*About this exercise*.
Copying rule for the data below: pictures stay out, and only the lines from the one with "Como fazer varal" down to the one with "フラット レース |ID:crp329100000034614", inclusive, are repeated exactly.

*Supplied entries*.
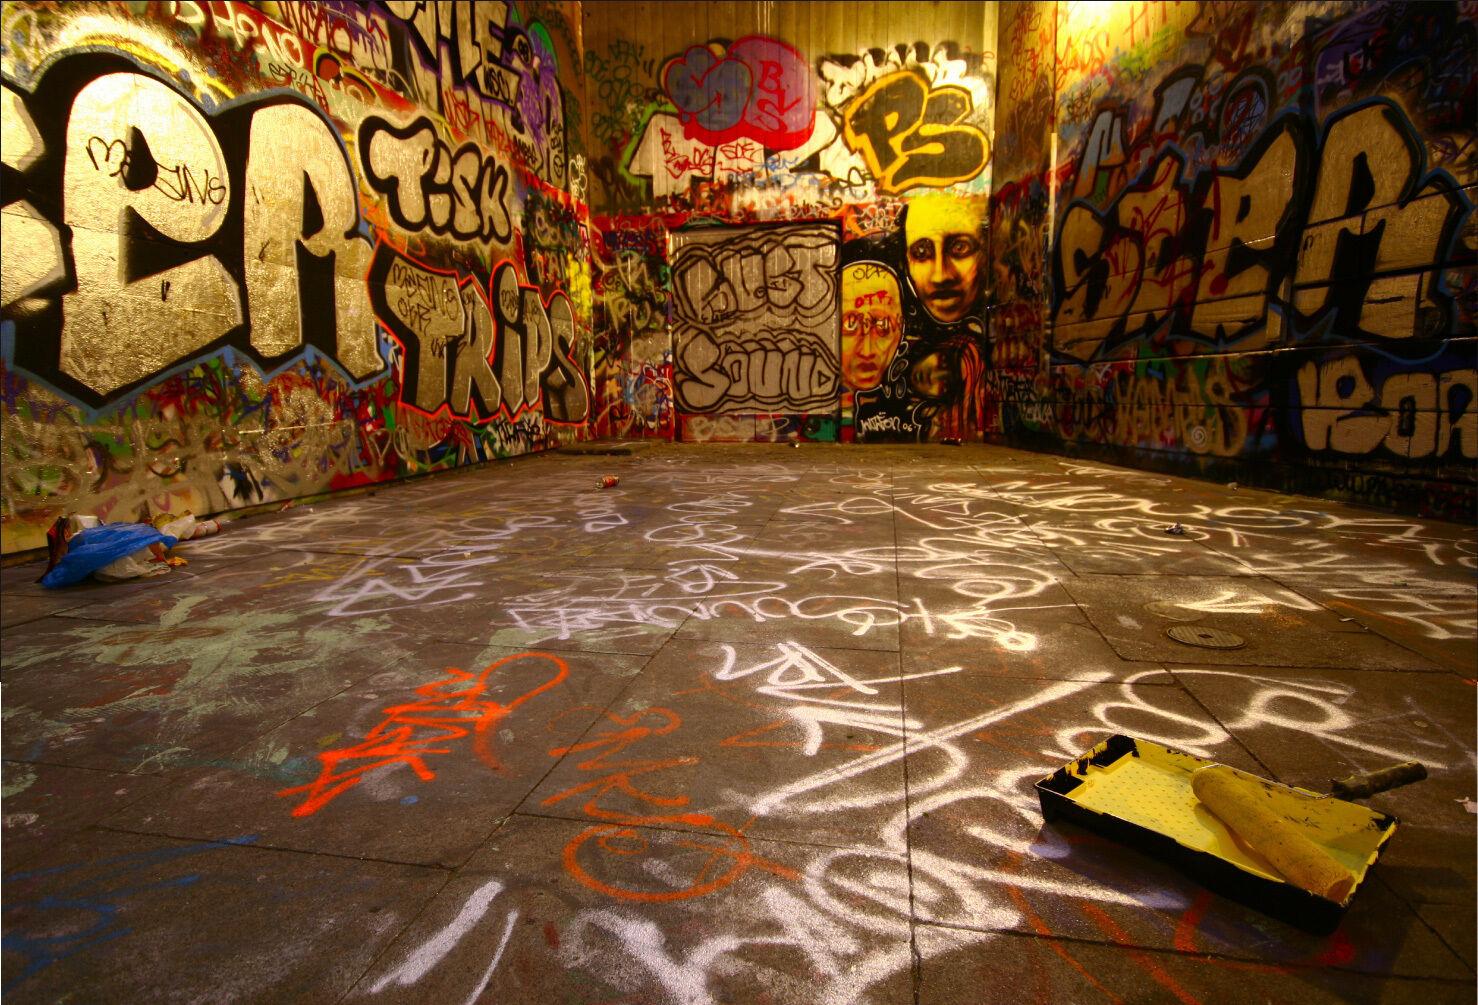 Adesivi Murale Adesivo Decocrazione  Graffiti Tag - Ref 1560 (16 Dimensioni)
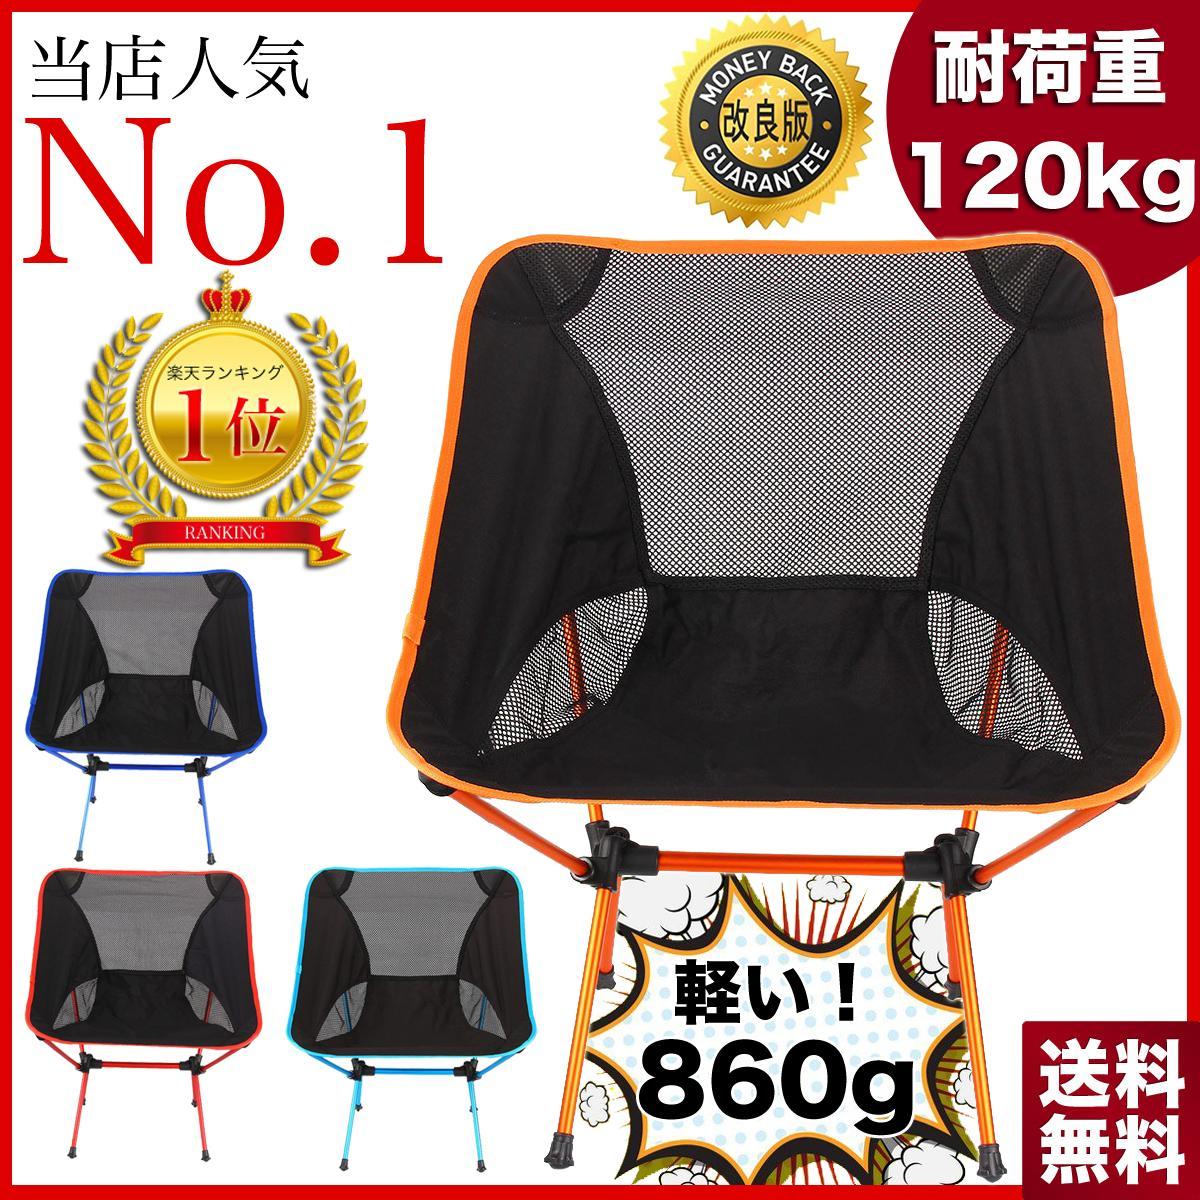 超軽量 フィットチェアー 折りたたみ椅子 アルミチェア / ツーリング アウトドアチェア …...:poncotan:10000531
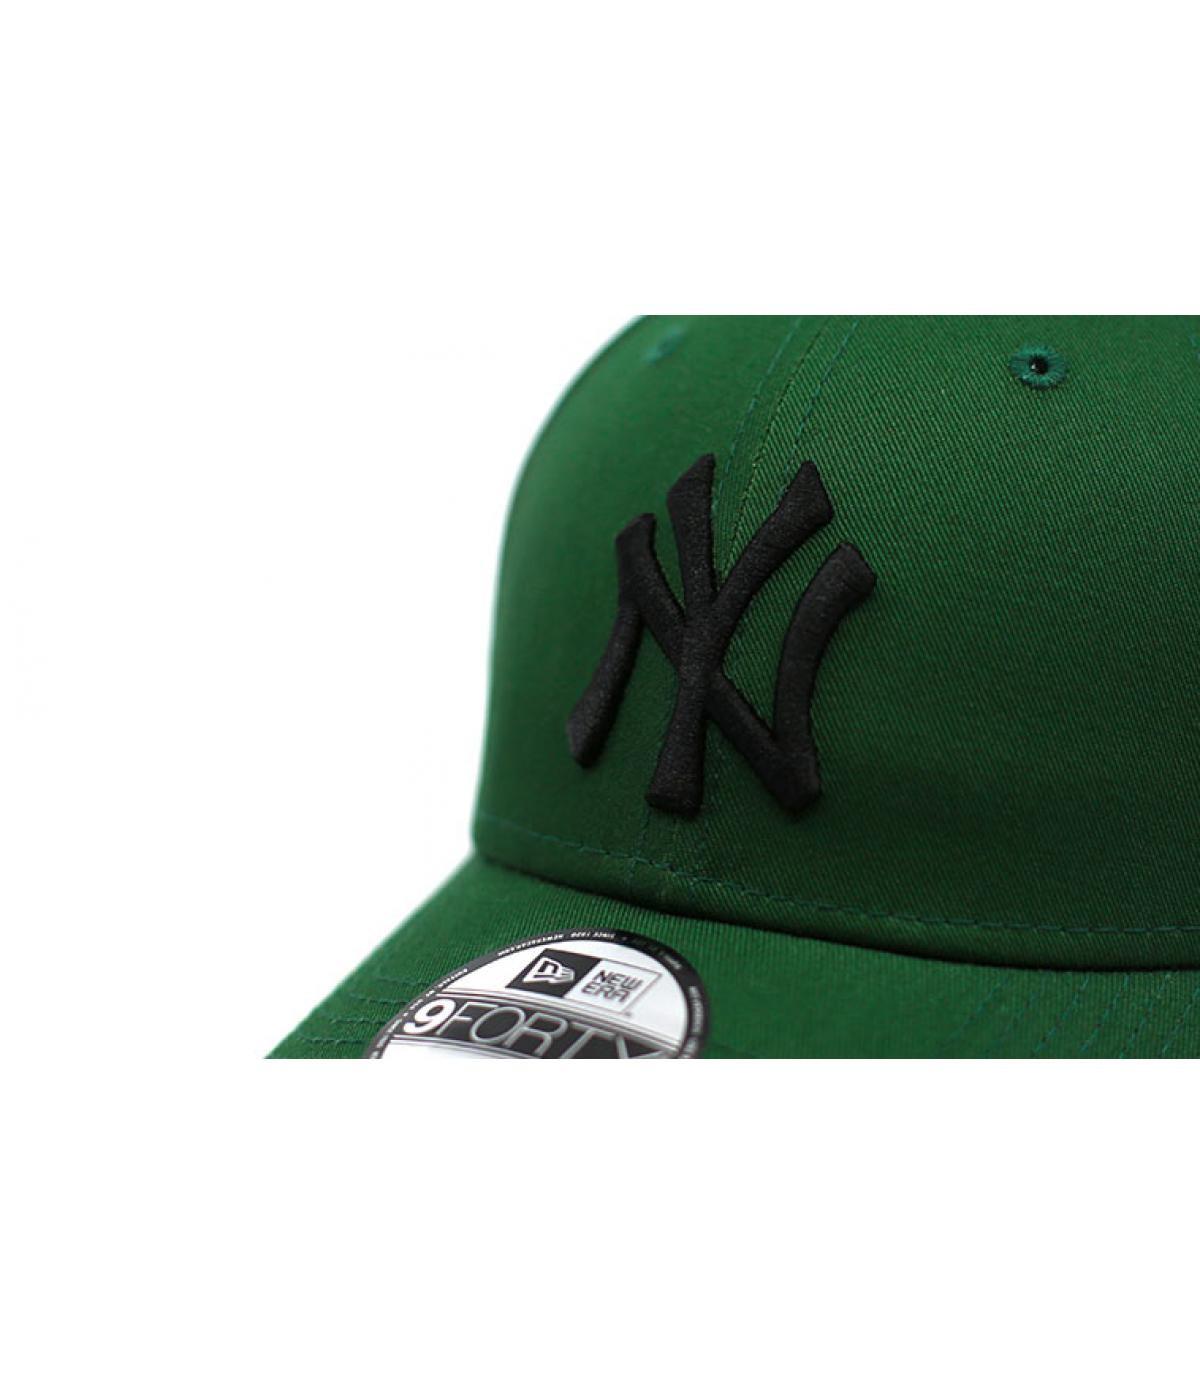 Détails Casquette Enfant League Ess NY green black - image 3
--
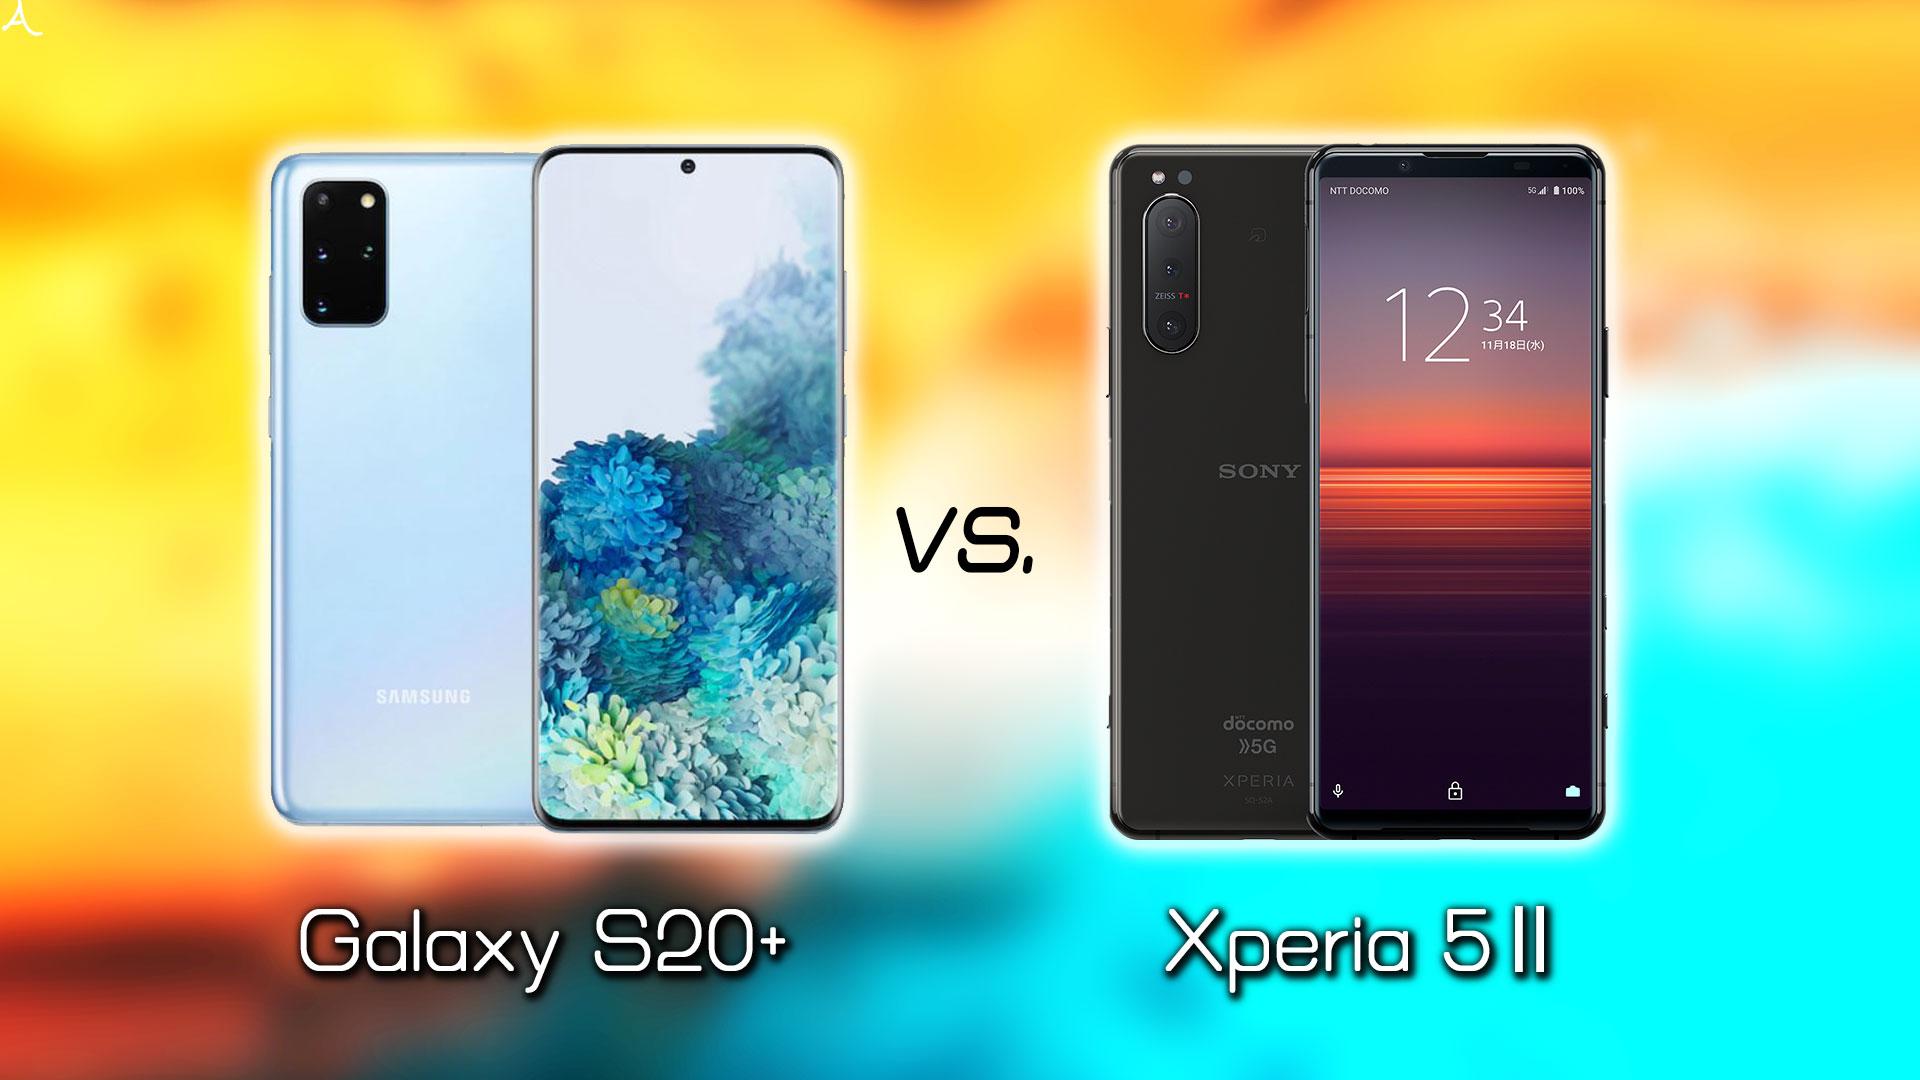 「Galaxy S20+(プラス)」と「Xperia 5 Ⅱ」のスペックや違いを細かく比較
--
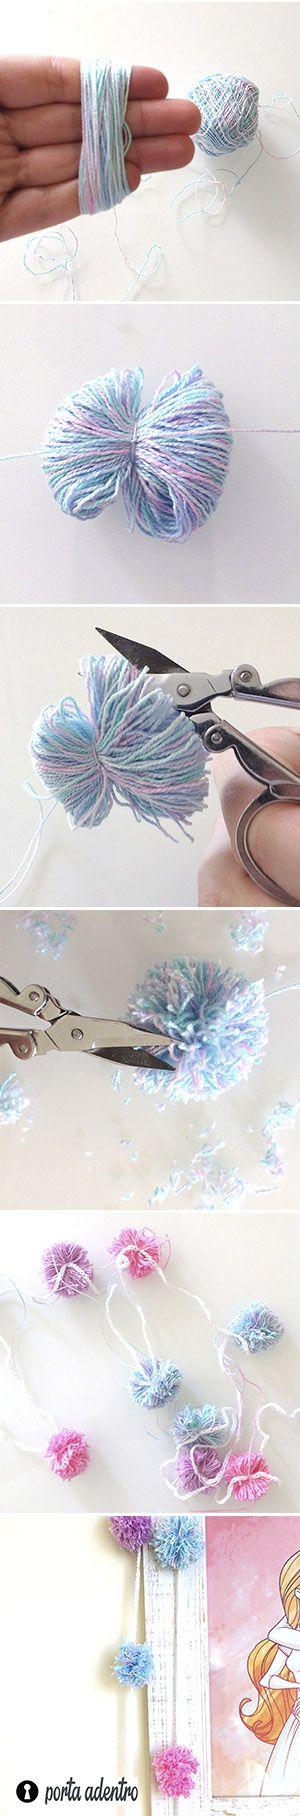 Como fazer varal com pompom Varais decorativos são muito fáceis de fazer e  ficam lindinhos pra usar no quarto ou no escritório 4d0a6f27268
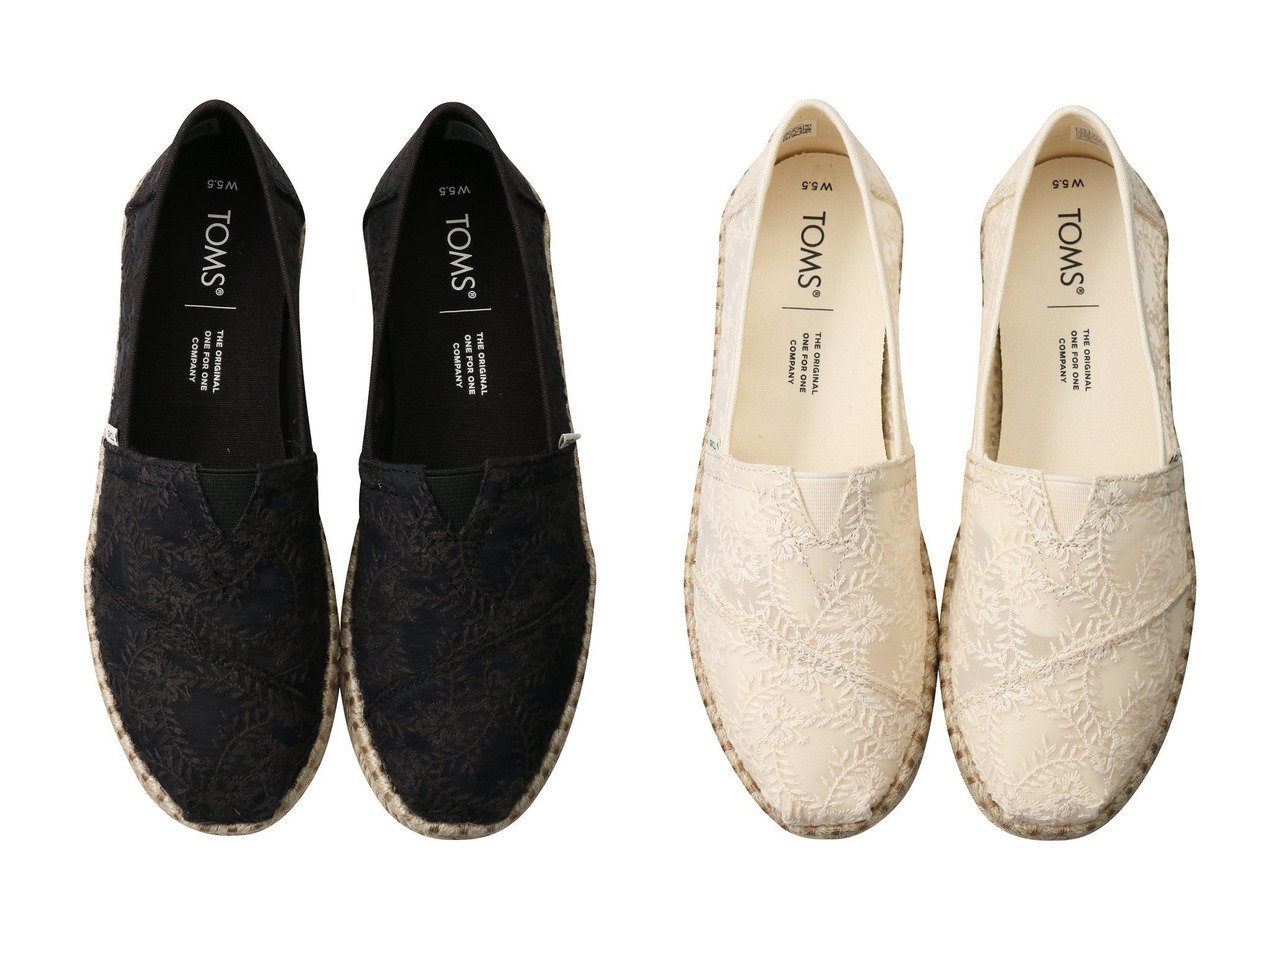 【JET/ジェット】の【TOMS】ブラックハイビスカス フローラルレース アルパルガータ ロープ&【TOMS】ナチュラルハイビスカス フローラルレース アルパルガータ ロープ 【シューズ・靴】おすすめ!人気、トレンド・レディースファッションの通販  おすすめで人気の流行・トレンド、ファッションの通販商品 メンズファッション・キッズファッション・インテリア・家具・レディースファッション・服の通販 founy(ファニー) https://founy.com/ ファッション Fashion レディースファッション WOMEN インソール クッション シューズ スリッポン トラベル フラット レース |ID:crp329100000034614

*Your response*.
 Como fazer varal com pompom Varais decorativos são muito fáceis de fazer e  ficam lindinhos pra usar no quarto ou no escritório 4d0a6f27268
 【JET/ジェット】の【TOMS】ブラックハイビスカス フローラルレース アルパルガータ ロープ&【TOMS】ナチュラルハイビスカス フローラルレース アルパルガータ ロープ 【シューズ・靴】おすすめ!人気、トレンド・レディースファッションの通販  おすすめで人気の流行・トレンド、ファッションの通販商品 メンズファッション・キッズファッション・インテリア・家具・レディースファッション・服の通販 founy(ファニー) https://founy.com/ ファッション Fashion レディースファッション WOMEN インソール クッション シューズ スリッポン トラベル フラット レース |ID:crp329100000034614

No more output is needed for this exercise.